One of the most vital concepts in biodynamic gardening involves the natural cosmic rhythms, and thus planting by the Moon cycles is key. Planting according to lunar phases goes back to ancient agriculture, and this understanding was further expounded on by Rudolph Steiner in the 1920s with his deep cosmic knowledge of how these lunar cycles affected plant growth. In a nutshell, when the Moon is waxing, it is time to plant above ground crops, and when the Moon is waning, it is time to plant below ground crops.
We are all aware of the Moon’s gravitational pull on the Earth during the full moon that affects the ocean tides. The ocean tides are at their highest during the full Moon, and ancient gardeners believed when the Moon pulls the tides to their peak, it is also pulling upon all water to swell within the earth which promotes the growth in plants.

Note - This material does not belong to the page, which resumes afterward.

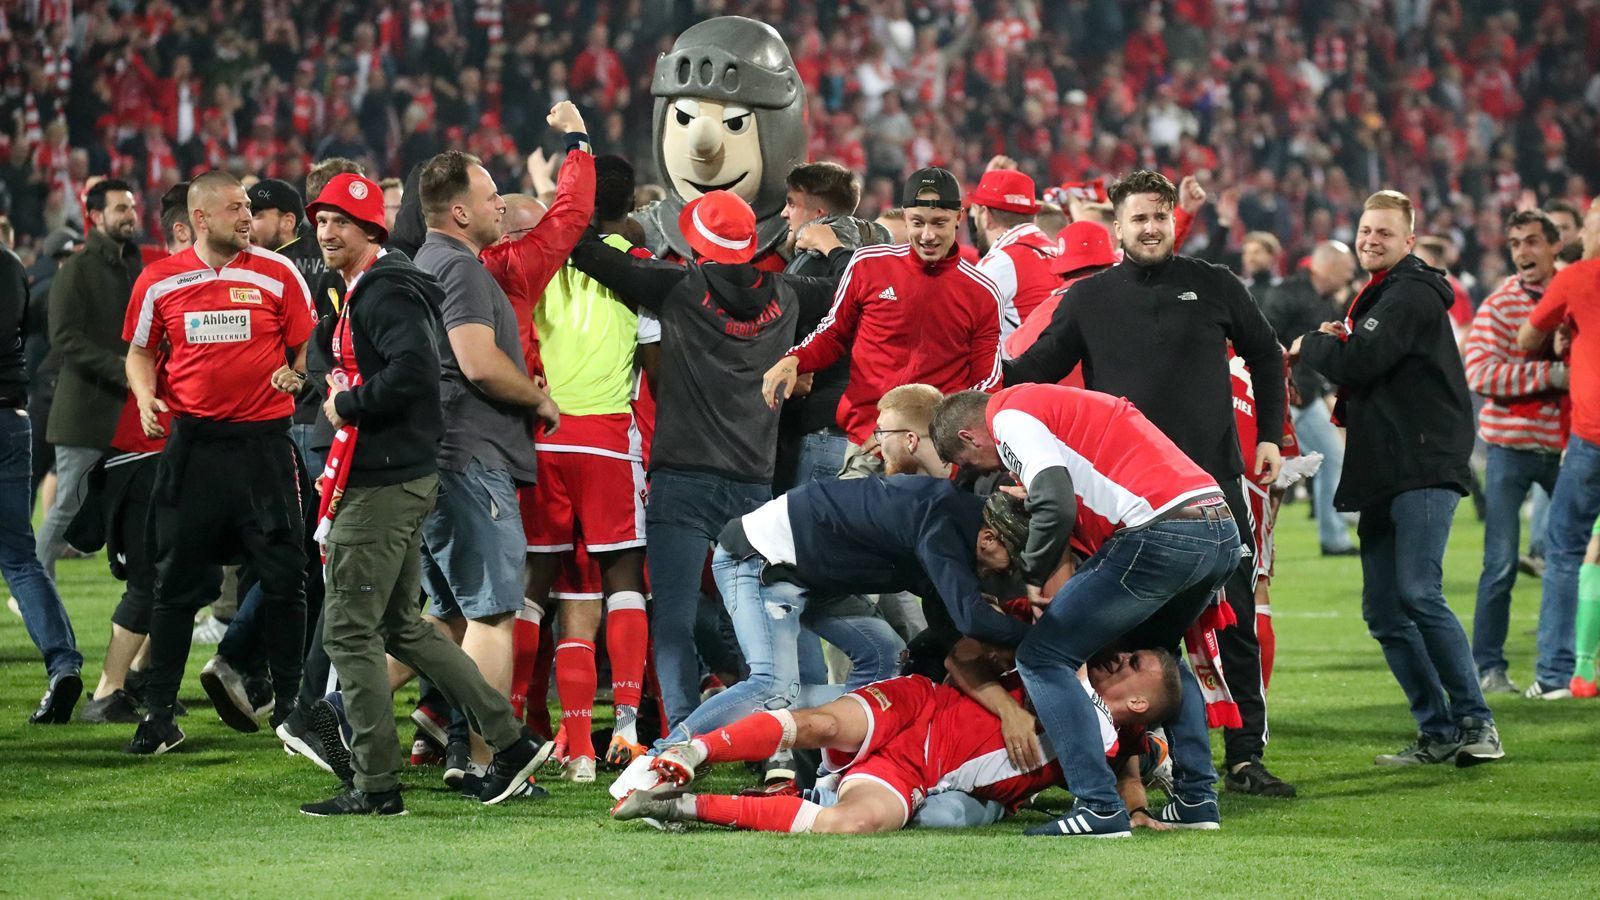 
                <strong>Der Startschuss für eine grenzenlose Aufstiegsparty</strong><br>
                Fans und Spieler der Berliner feierten ausgelassen den ersten Aufstieg der Vereinsgeschichte in die Bundesliga.

If planting is done a day or two before the New Moon, both gravitational forces and light are most favorable in the week that follows. Over the course of the next seven days as the Moon begins to grow with an increase in light and gravitational pull, the abundance of light is favorable for leaf growth, but the extra pull is not favorable for root growth. While young shoots thrive, roots rest. The following week the decreased light of the full Moon slows leaf growth as the decreased pull encourages root development. This is the best time to transplant seedlings. The last week of the lunar cycle brings less light as the pull increases which allows both roots and leaves to rest prior to the New Moon and a repeat of this cycle.
Lunar Planting Guide
First Quarter (waxing)
Plant annuals that produce above-ground, leafy parts and produce their seeds outside of themselves, such as lettuce, spinach, and cabbage.
Second Quarter (waxing)
Plant above-ground annuals that produce their seeds inside, including beans, squash, peas, and tomatoes.
Third Quarter (waning)
Plant annual bulbs and root crops such as onions, potatoes, beets, and carrots as well as all biennials and perennials.
Fourth Quarter (waning)
Also called the dark of the moon, this is not a good time to plant. Cultivate, weed, turn compost, prune.
Another simple guide is:
• New Moon- roots and shoots encouraged
• Waxing Moon- roots rest, leaves grow
• Full Moon- roots develop, leaf growth slows
• Waning Moon- roots and leaves rest
The biodynamic gardening calendar explores the rhythms of Nature so crop cultivation can be timed for the best success and productivity. Along with lunar planting, the calendar considers the influence of the twelve constellations as well as the breathing cycles of the Earth. As the Earth breathes in from noon to midnight, soil and roots are nourished. As the Earth breathes out from midnight to noon, leaves and flowers are nourished. Therefore, it is best work with plants in the morning and plant in the afternoon.